## INSTRUCTIONS FOR THE TASK
Pictures in the material below are to be left out, and only the lines from the line with "Вино Gerardo Cesari" up to and including the line with "وزارة الدفاع استعلام" are to be written out exactly.

***** SOURCE RECORDS *****

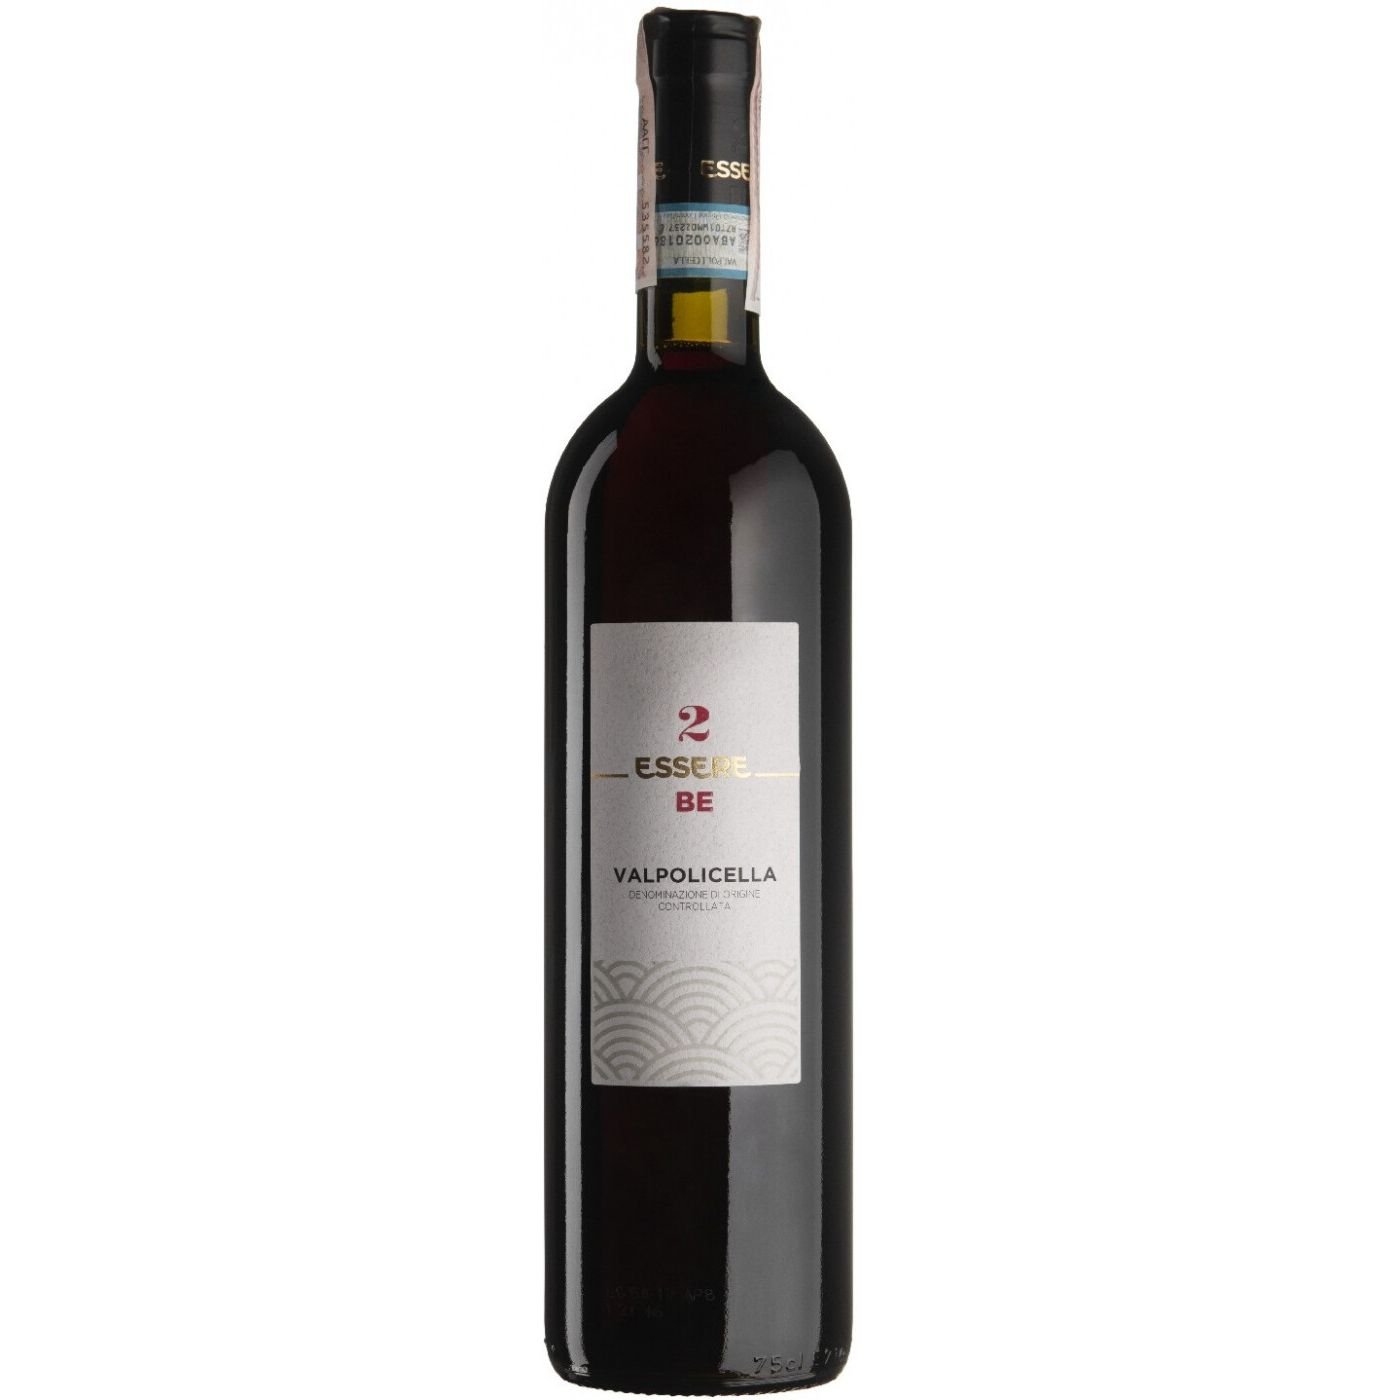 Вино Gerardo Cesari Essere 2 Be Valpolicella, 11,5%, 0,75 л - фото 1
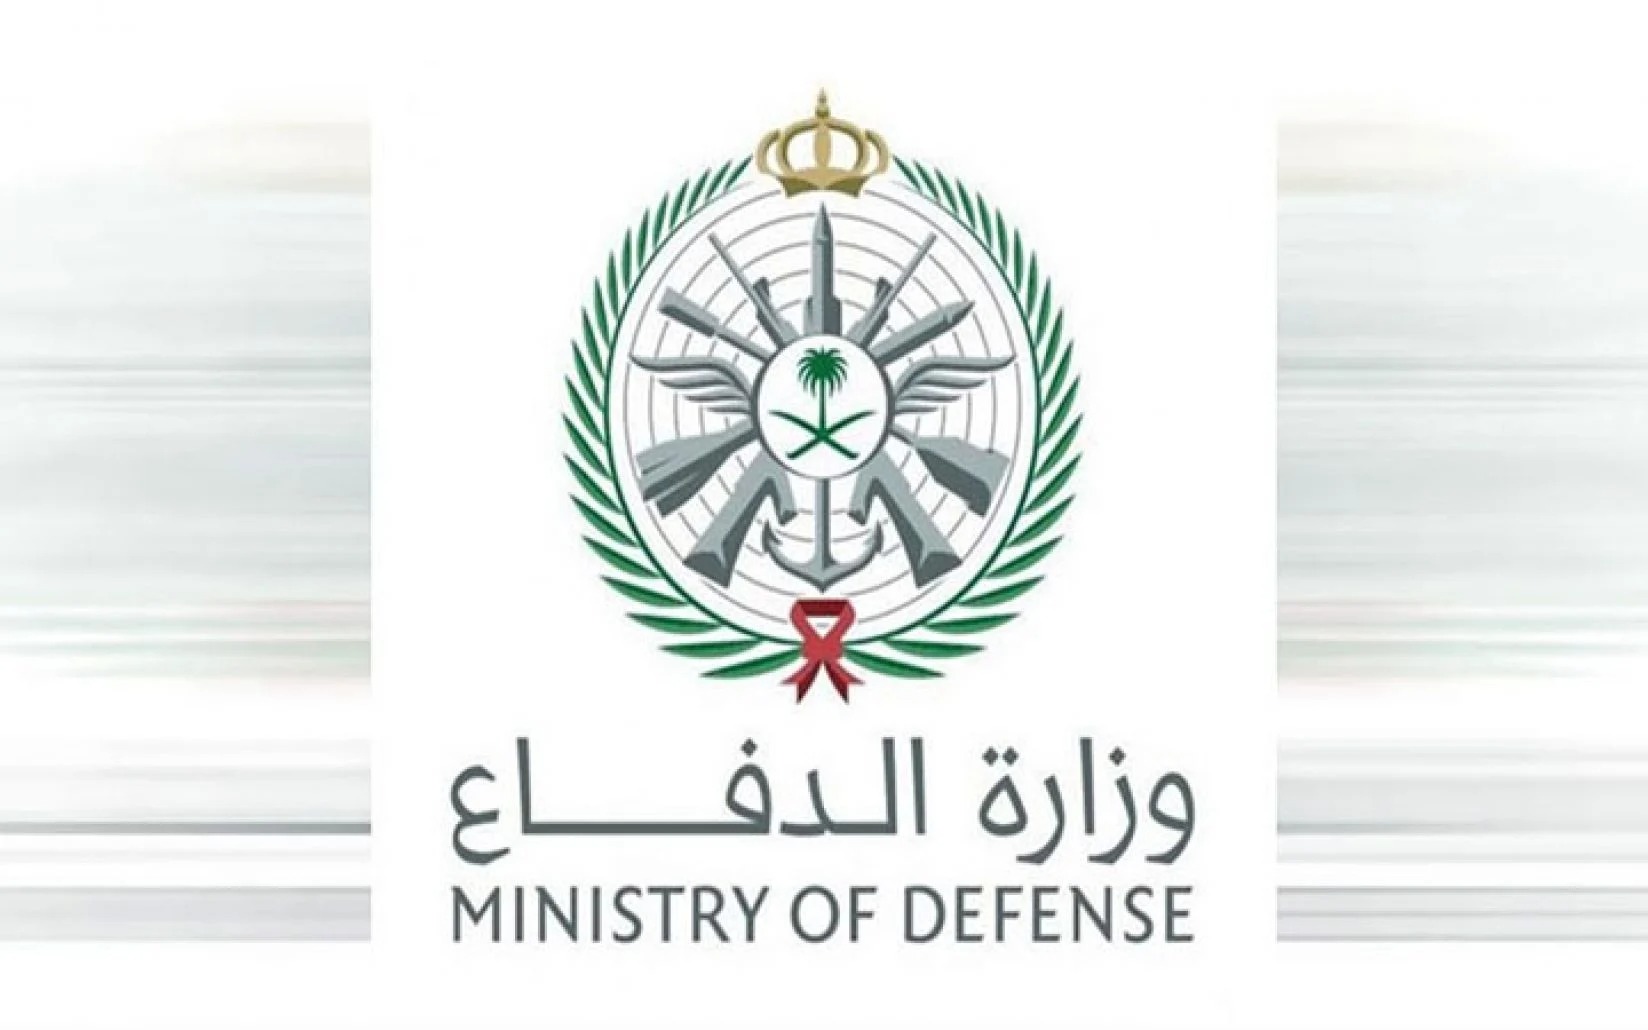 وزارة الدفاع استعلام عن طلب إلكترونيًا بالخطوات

*****
***** SOURCE RECORDS *****

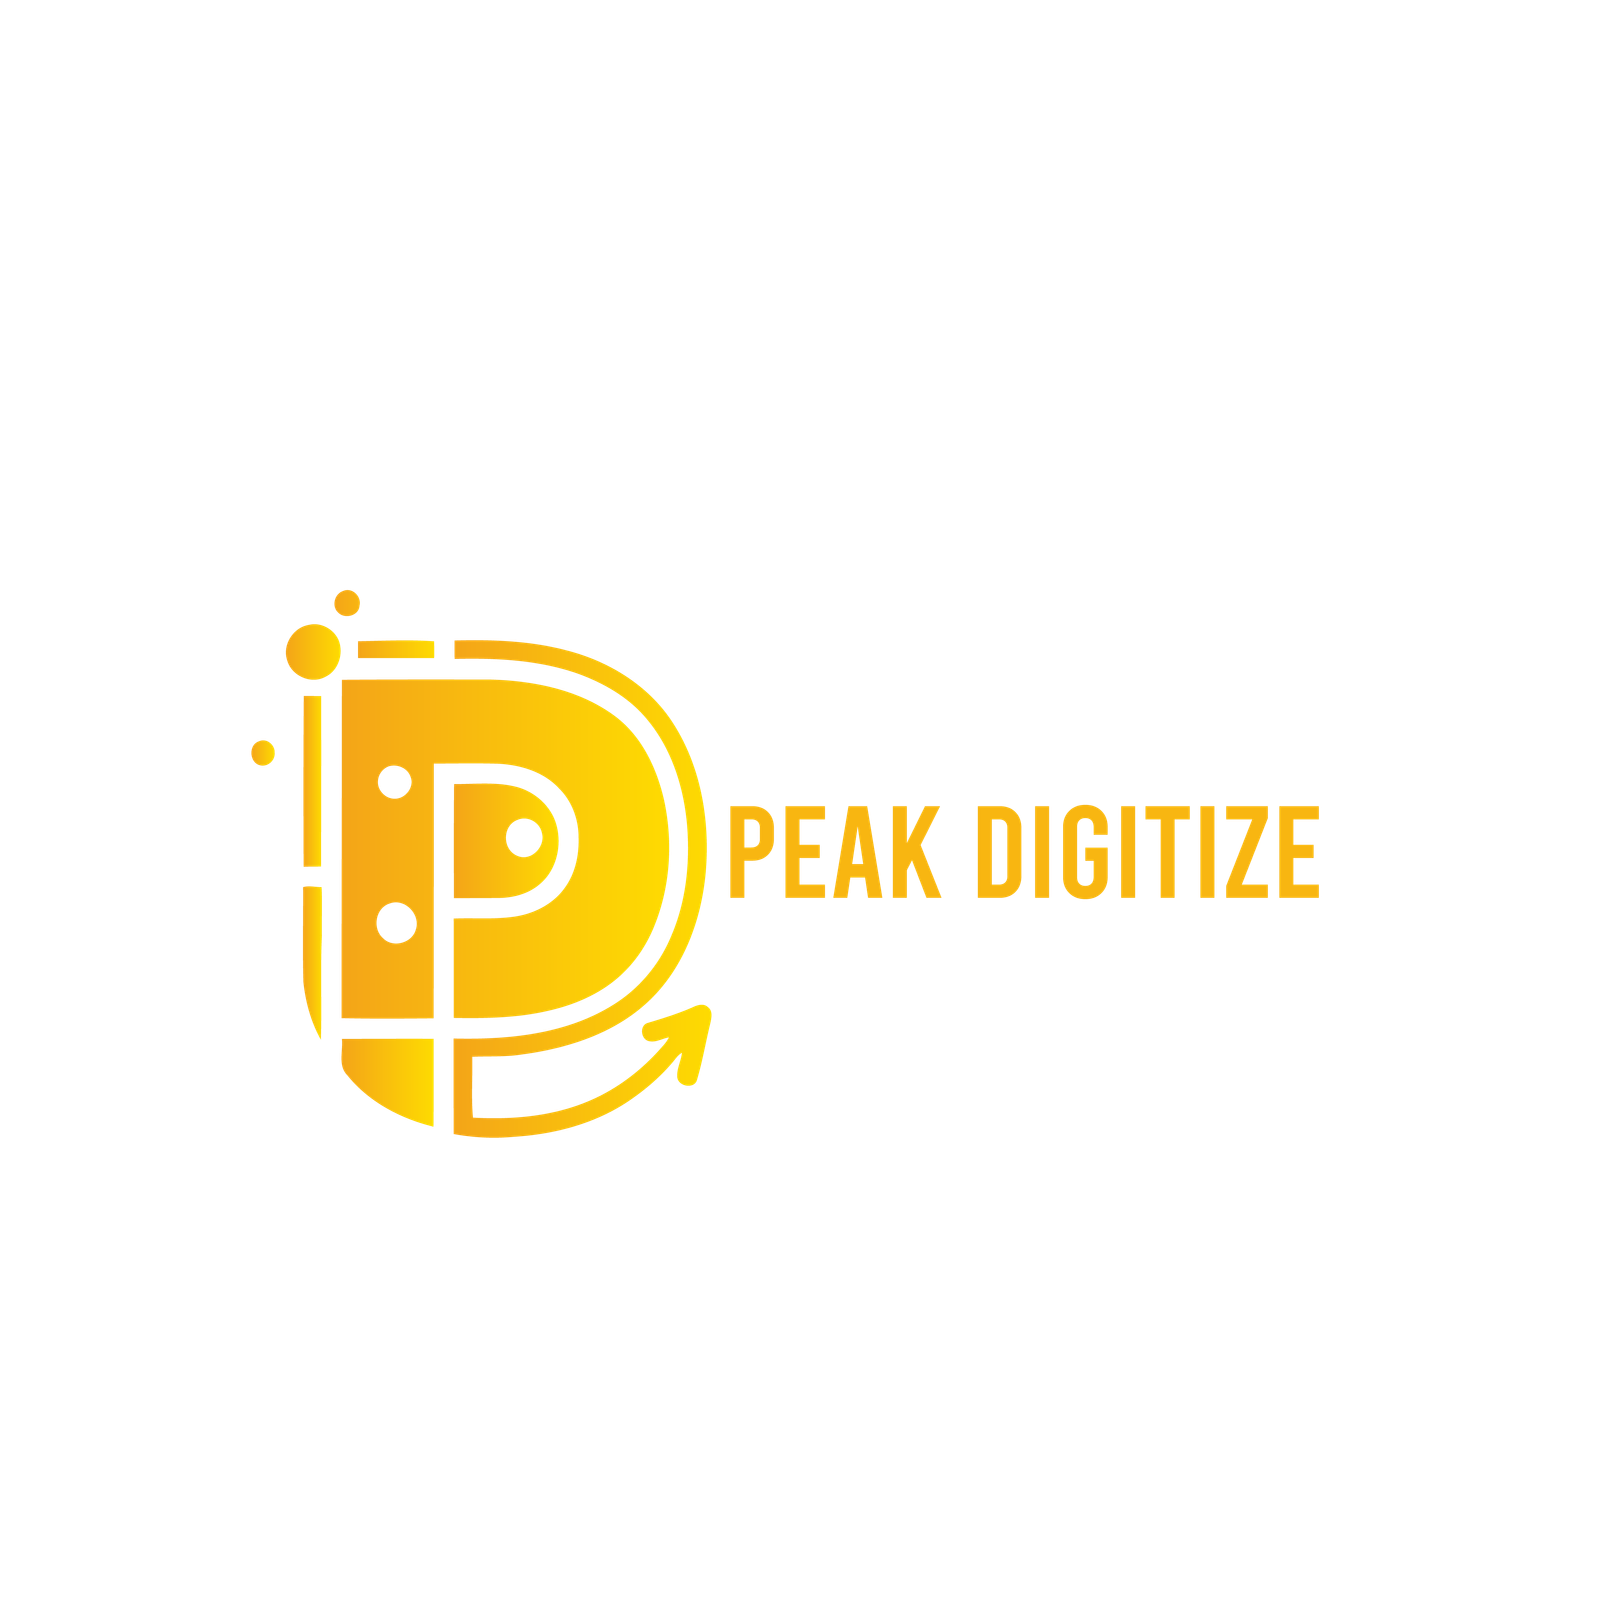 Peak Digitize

*****
***** SOURCE RECORDS *****

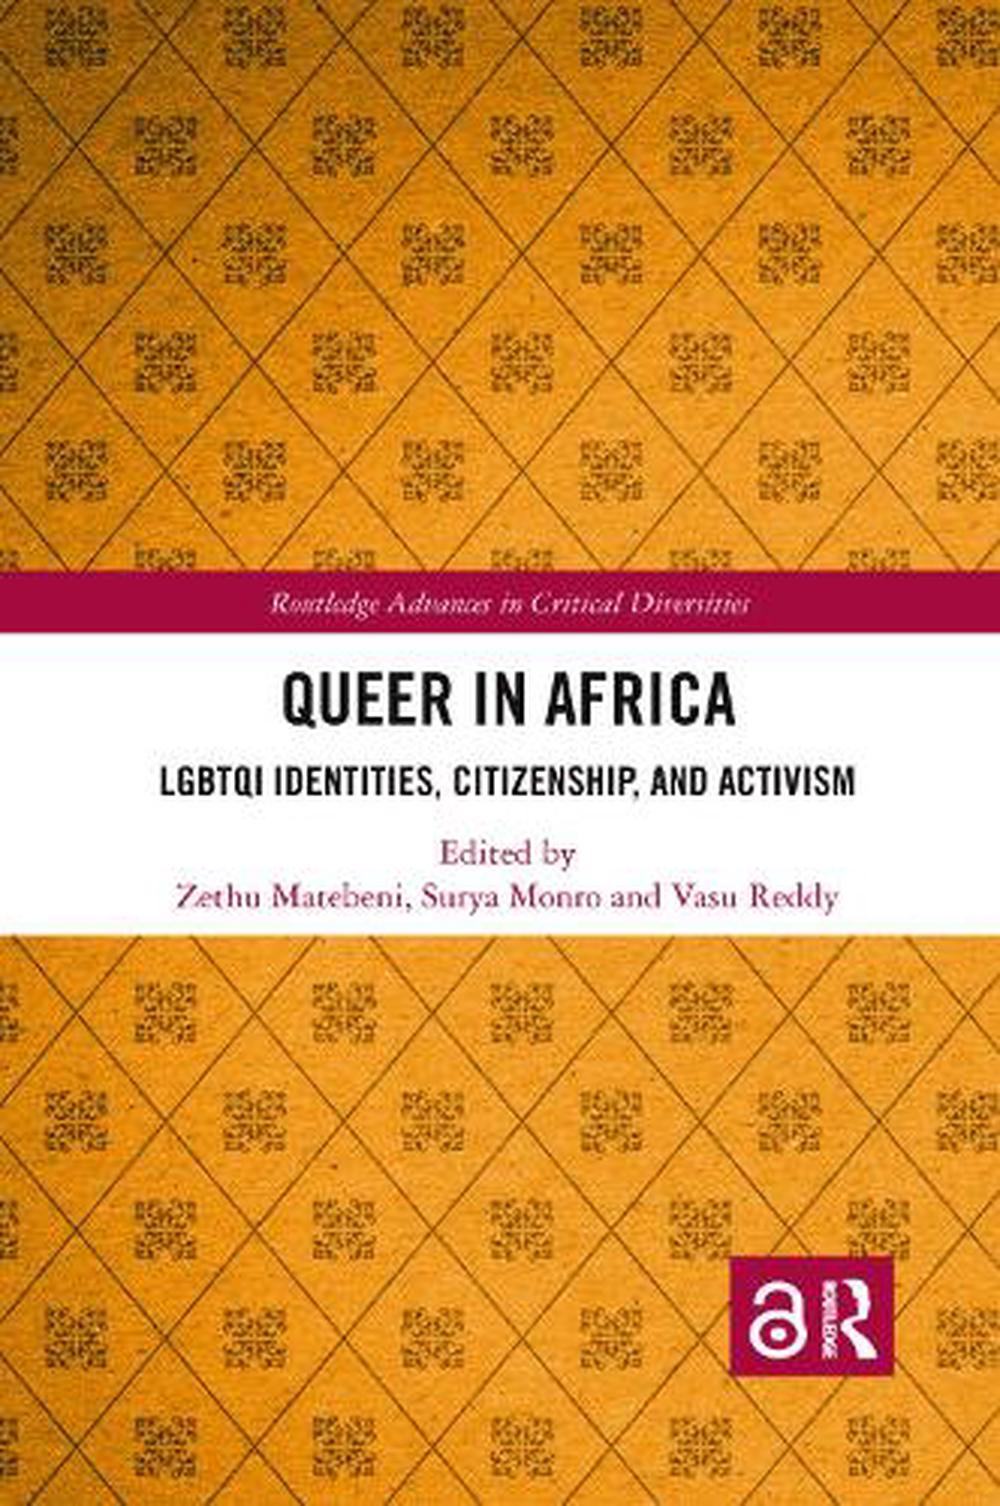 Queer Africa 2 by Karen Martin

*****

## EXERCISE SOLUTION
 Вино Gerardo Cesari Essere 2 Be Valpolicella, 11,5%, 0,75 л - фото 1
 وزارة الدفاع استعلام عن طلب إلكترونيًا بالخطوات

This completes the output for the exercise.